Shipwreck firm ran crypto scam

The Dmitrii Donskoi Armored Cruiser of the Imperial Russian Navy

From Korea Joongang Daily

Police issue travel ban on Shinil CEO for defrauding investors.

The Korean authorities are ratcheting up their investigation into Shinil Group, the company that claimed to have found a sunken Russian shipwreck, as key figures in the firm allegedly pulled off a cryptocurrency racket that promised to pay investors in sunken treasure.

Seoul’s Gangseo District Police issued a travel ban Monday on Choi Yong-seok, the CEO of Shinil Group, and others associated with the company for allegedly plotting to encourage investors to buy its own cryptocurrency by reimbursing them with gold from the ship, which Shinil estimated was worth around 150 trillion won ($131.8 billion).

The police are expected to summon the head of the company and other related individuals. Experts and some local media outlets raised doubts over the claim, and the CEO himself admitted that there is no firm evidence that the ship contained anything of value in a media briefing held last week.

Despite the lack of evidence, the group attracted tens of billions of won worth of investment by launching its own cryptocurrency, called Shinil Gold Coin.

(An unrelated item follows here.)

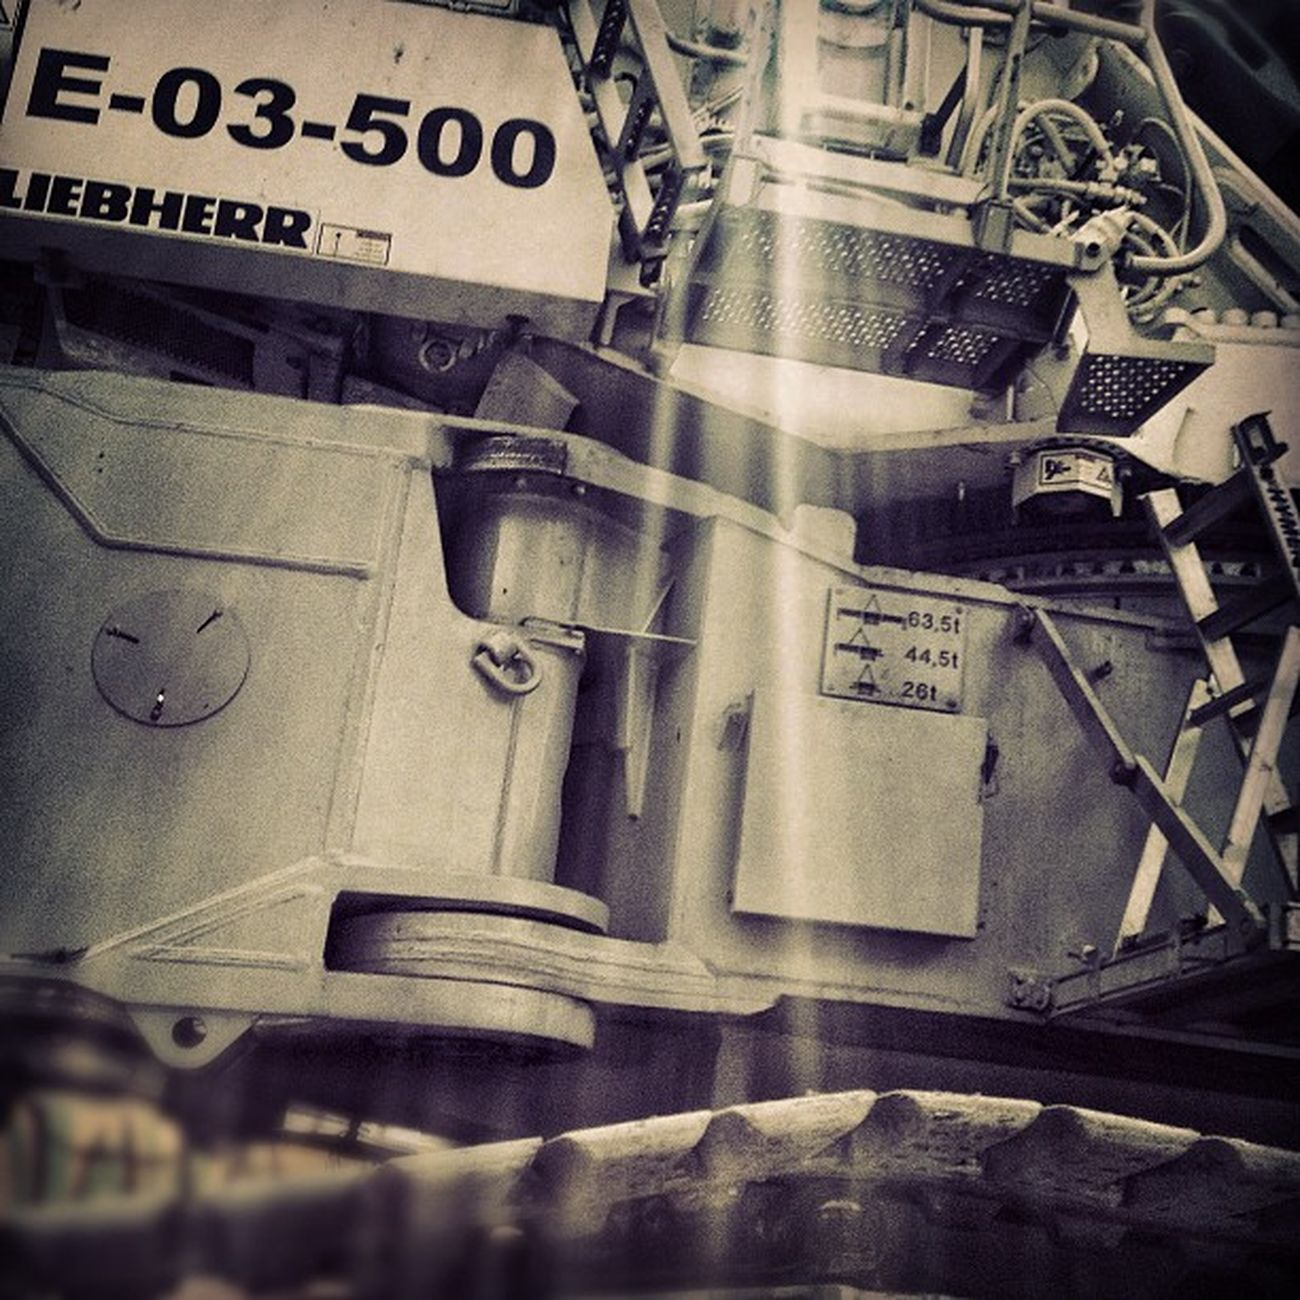 E03500 Naveespacial Machine Construction starwars liebherr igers instagramers ihub instamood instagood instahub picoftheday photooftheday fotodeldia bestpicoftheday gramermex mextagram iphoneonly iphonesia iphone4s igersmania mexico lalojm1 2012
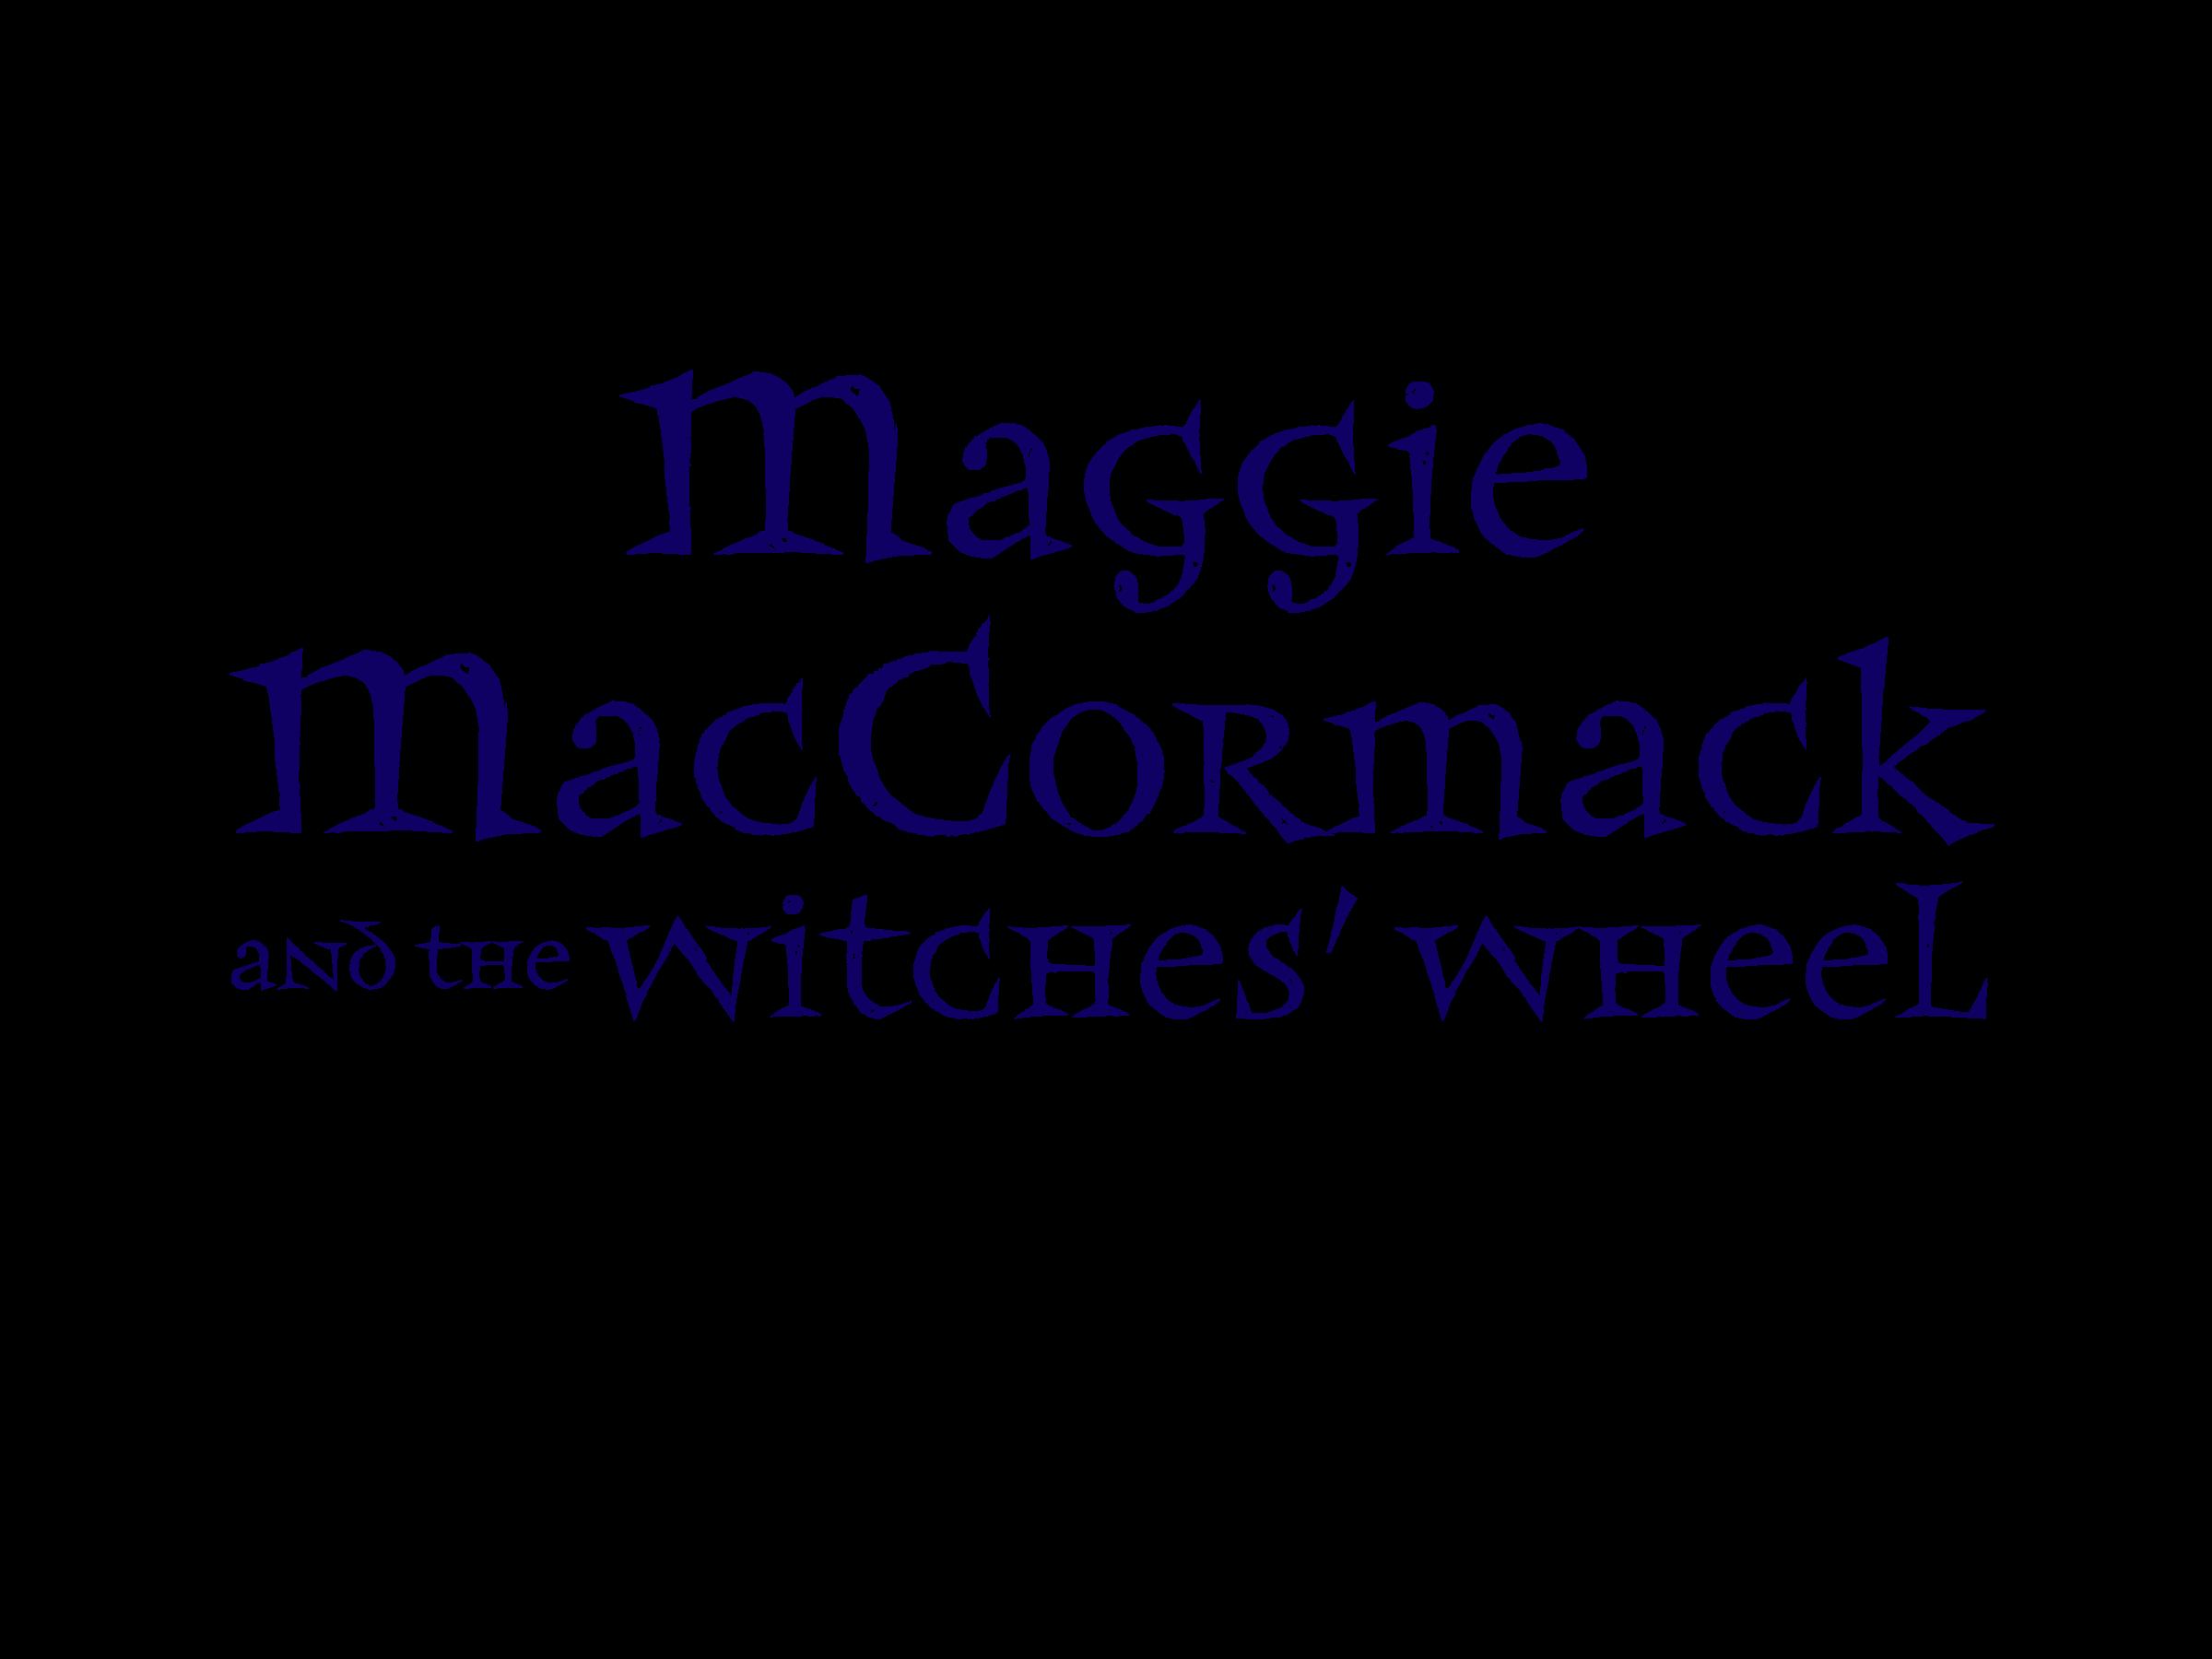 Maggie MacCormack-

In return for the investment, the group promised to pay investors with gold from the ship.

This point prompted the Financial Supervisory Service to begin its probe into the company. Behind the investment scam was Yu Ji-beom, head of an affiliated Shinil Group based in Singapore.

He spearheaded the establishment of a cryptocurrency exchange called Donskoi International Exchange and uploaded postings regarding the shipwreck on a blog and Instagram account.

Yu has previously been convicted of real estate fraud, according to his acquaintances.